Читать книгу The Communication Playbook - Teri Kwal Gamble - Страница 191
Politically Correct Language
ОглавлениеThe following definitions appear in Henry Beard and Christopher Cerf’s tongue-in-cheek guide, the Official Politically Correct Dictionary and Handbook:
Lazy: motivationally deficient
Wrong: differently logical
Ugly: cosmetically different
Prostitute: sex-care provider
Fat: horizontally challenged27
Are your connotations for the term politically correct language positive or negative? Do you define it as speech that is sensitive or speech that is censored?
According to Diane Ravitch, author of The Language Police, words that might offend feminists, religious conservatives, multiculturalists, minority activists, or members of other groups are routinely deleted from the textbooks used in U.S. schools because they are believed to be politically incorrect.
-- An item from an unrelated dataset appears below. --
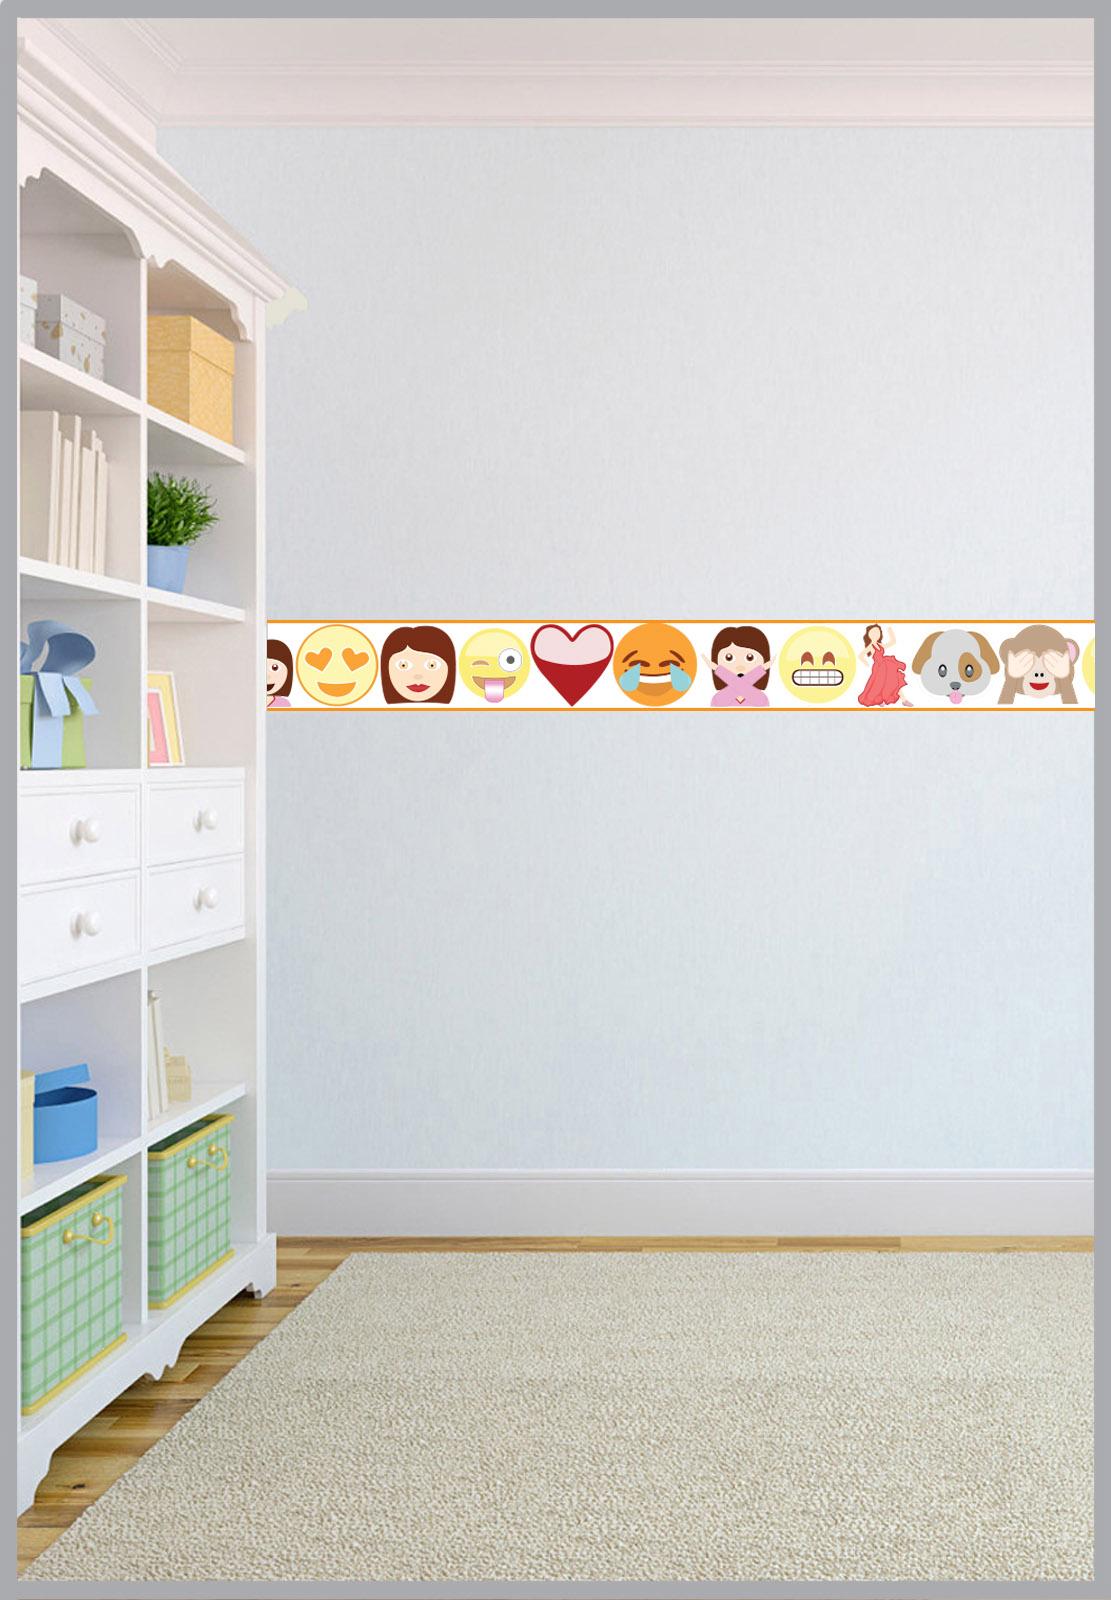 Kids Bedroom Wall Wallpaper Borders Children039s Kids Nursery Boys Girls Bedroom

For example, one textbook author rewrote Bob Dylan’s folk song “Blowin’ in the Wind” which had asked, “How many roads must a man walk down before you call him a man?” to read: “How many roads must an individual walk down before you can call them an adult?”28
Yet, like so many other words, politically correct language means different things to different groups of people. For some of us, being politically correct means making the effort not to offend by selecting words that show our respect for and sensitivity to the needs and interest of others. Politically correct language can help take the sting out of confrontations by blunting the sharpness of our words. For example, in the United States, over a period of time the word slow was replaced by the word retarded, which was then changed to challenged, next to special, and then to an individual with an intellectual disability. Similarly, over a half century ago, the defining term for persons of African ancestry has shifted from colored to Negro to Black, to Afro-American, to people of color or African American.29 When we use politically correct language, we reveal our sensitivity to the preferences of those with whom we are conversing.
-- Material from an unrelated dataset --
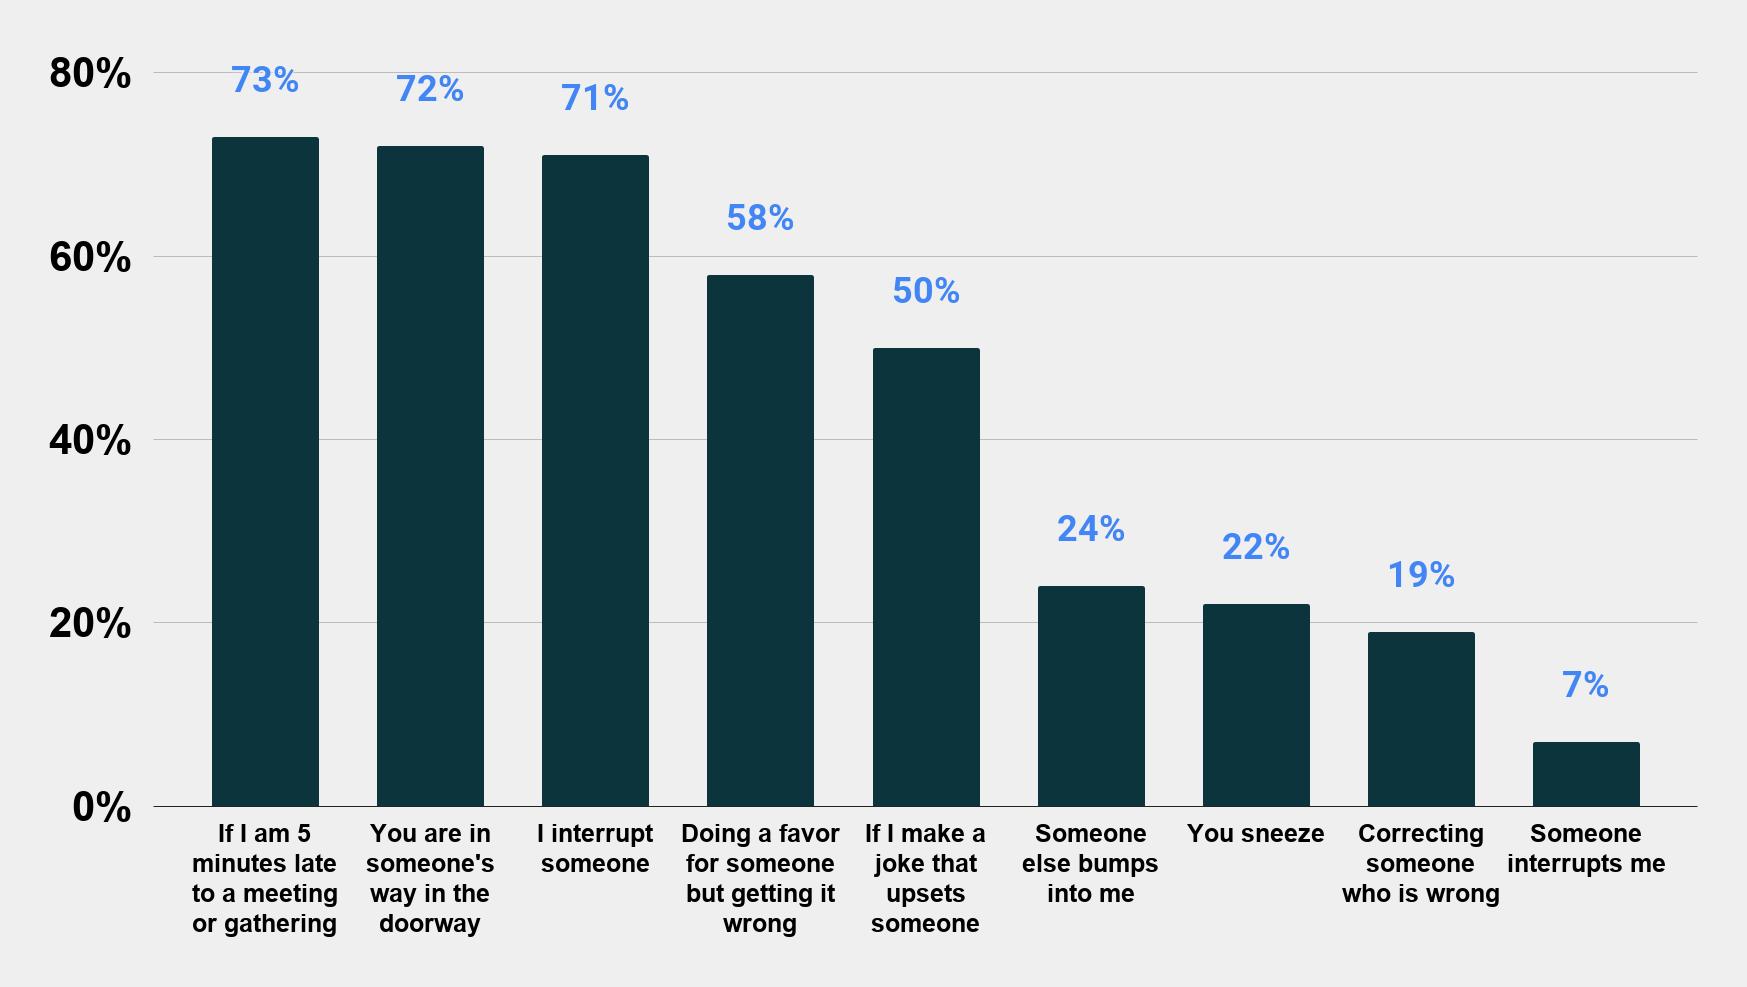 Things that make Americans say sorry (July 2015) Charts Graphs Stats

For others, however, political correctness means that we feel compelled by societal pressures not to use some words—referred to as taboo words—because we believe that using them might cause others to label us as racist, sexist, homophobic, or ageist. For example, some years ago, a student in one Ivy League university was thought to be a racist when he yelled, “Shut up, you water buffalo” out a window at a noisy group of African American women. Still others view political correctness and sensitivity training as dangers to free speech. Which position comes closest to the one you hold?
Skill Builder
Political Correctness and Free Speech
The iGeneration (also referred to as Generation Z) includes those of us born after 1995. If you belong to this cohort, chances are you grew up in an era of protective parenting. You probably prioritize safety, both physical and emotional.30 Might a relationship exist between the desire for political correctness, the safety emphasis of iGen members, and the “safe-space” movement on our college campuses?
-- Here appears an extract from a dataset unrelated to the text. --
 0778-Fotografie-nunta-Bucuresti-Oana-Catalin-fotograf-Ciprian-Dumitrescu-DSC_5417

Some students today assert that it is their right to be protected from the expression of ideas with which they disagree, even campaigning for the firing of faculty members who offend their sensibilities and disinviting speakers whose points of view they disagree with.
Here’s the challenge: How do you balance this belief with the beliefs of others who say that the purpose of a college education is to experience diverse ideas and to encourage conversation among people whose perspectives differ? How can we have discussions about ideas if everything needs to feel “emotionally safe”? How can we change the perception that merely being exposed to and talking about ideas we don’t like can harm us?